Manned Soyuz TMA-18M to be launched to ISS under two-day pattern
TASS, of Russia (8/26): Russia’s early September three man “taxi mission” to the International Space Station will follow a two day transit rather than the previously planned six hour trip, according to Roscosmos, the Russian federal space agency. The Soyuz TMA-18M with Russia’s Sergey Volkov, the European Space Agency’s Andreas Mogensen and Kazakhstan’s Aidyn Aimbetov will launch Sept. 2 and dock on Sept. 4 to begin their 10-day flight. The change was attributed to a debris avoidance maneuver by the station on July 26. The purpose of the short mission is to exchange the Soyuz spacecraft “life boat” assigned to NASA’s Scott Kelly and Russia’s Mikhail Kornienko, who are in the midst of a near yearlong stay aboard the Space Station. Current Space Station commander Gennady Padalka, Mogensen and Aimbetov will return to Earth in the Space Station’s Soyuz TMA-16M, which launched Mar. 27 with Kelly, Kornienko and Padalka.
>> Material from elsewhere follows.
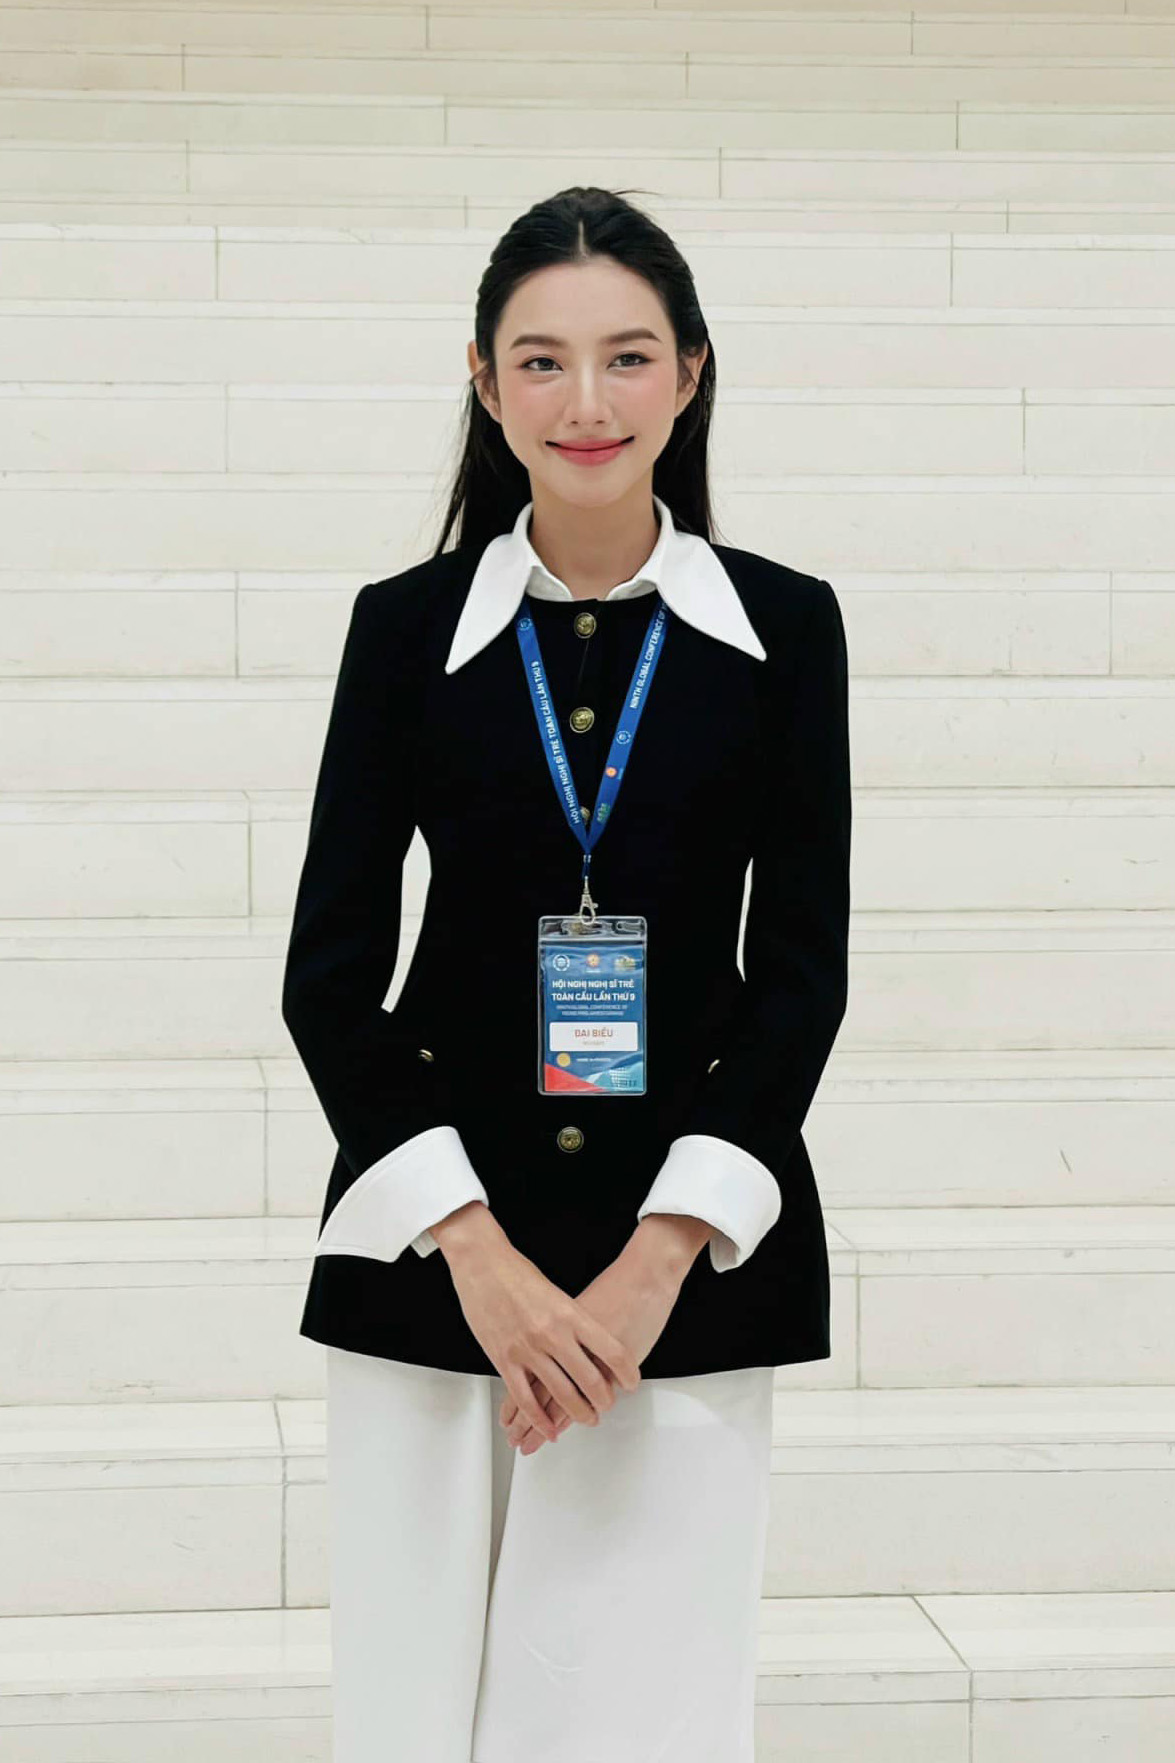  Hoa hậu Nguyễn Thúc Thùy Tiên dẫn đầu bảng xếp hạng tháng 8 với con số tương tác khủng 16.615.676

Commercial to Low Earth Orbit
Edwards: No progress on reconciling commercial launch bills
Space News (8/25): The U.S. Senate and House have yet to reconcile their separate approaches to commercial space law, U.S. Rep. Donna Edwards informs a Maryland Space Business Roundtable luncheon on Aug. 25. Edwards is the ranking Democrat on the House Science, Space and Technology Committee. A key difference in the two measures regards restrictions on FAA regulation of commercial space, which are set to expire Oct. 1. The Senate version would extend the limitations for another five years, the House version another 10 years.